Your objective:
Please write out all the data that follows exactly, without the pictures.

Records for the task:
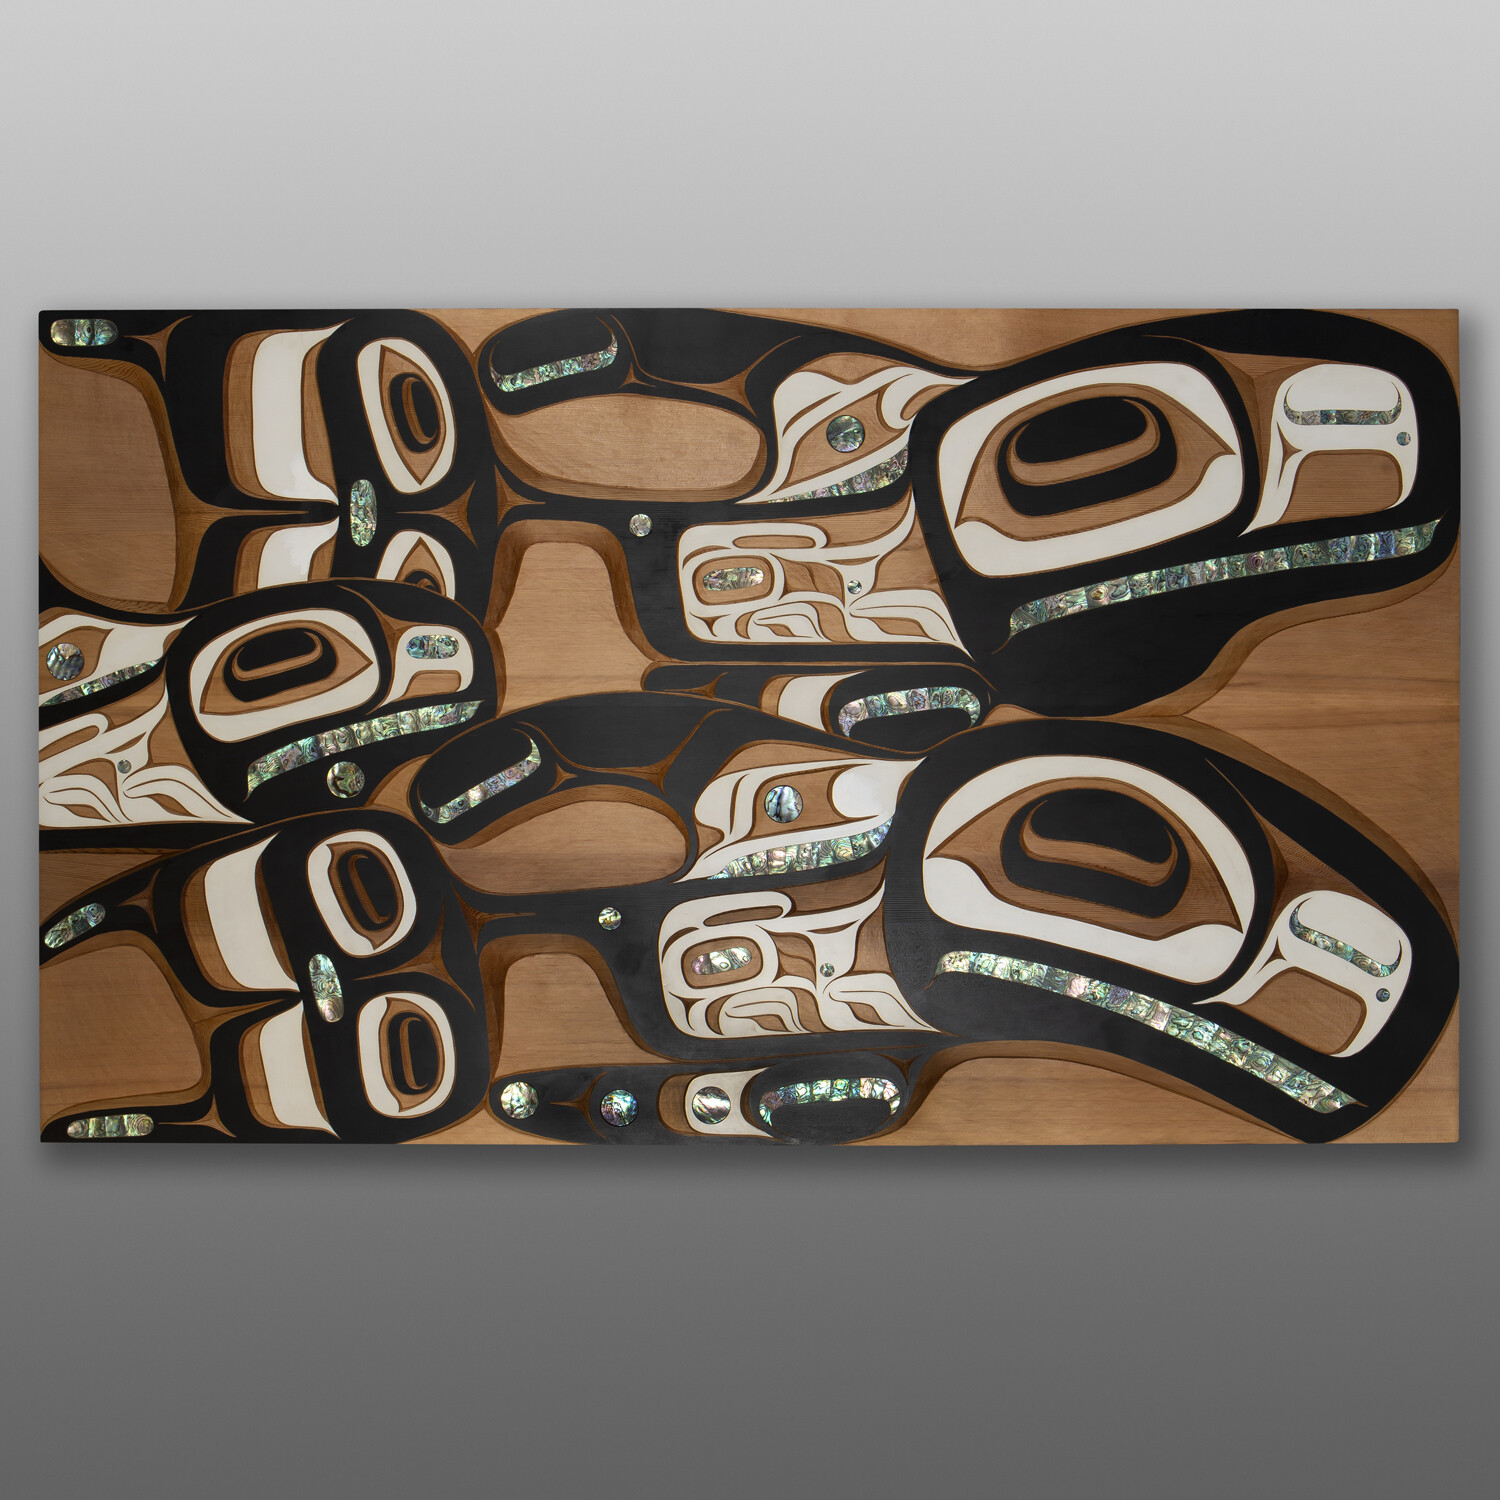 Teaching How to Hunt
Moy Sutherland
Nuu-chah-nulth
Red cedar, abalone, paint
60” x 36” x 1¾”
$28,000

Output:
 Teaching How to Hunt
Moy Sutherland
Nuu-chah-nulth
Red cedar, abalone, paint
60” x 36” x 1¾”
$28,000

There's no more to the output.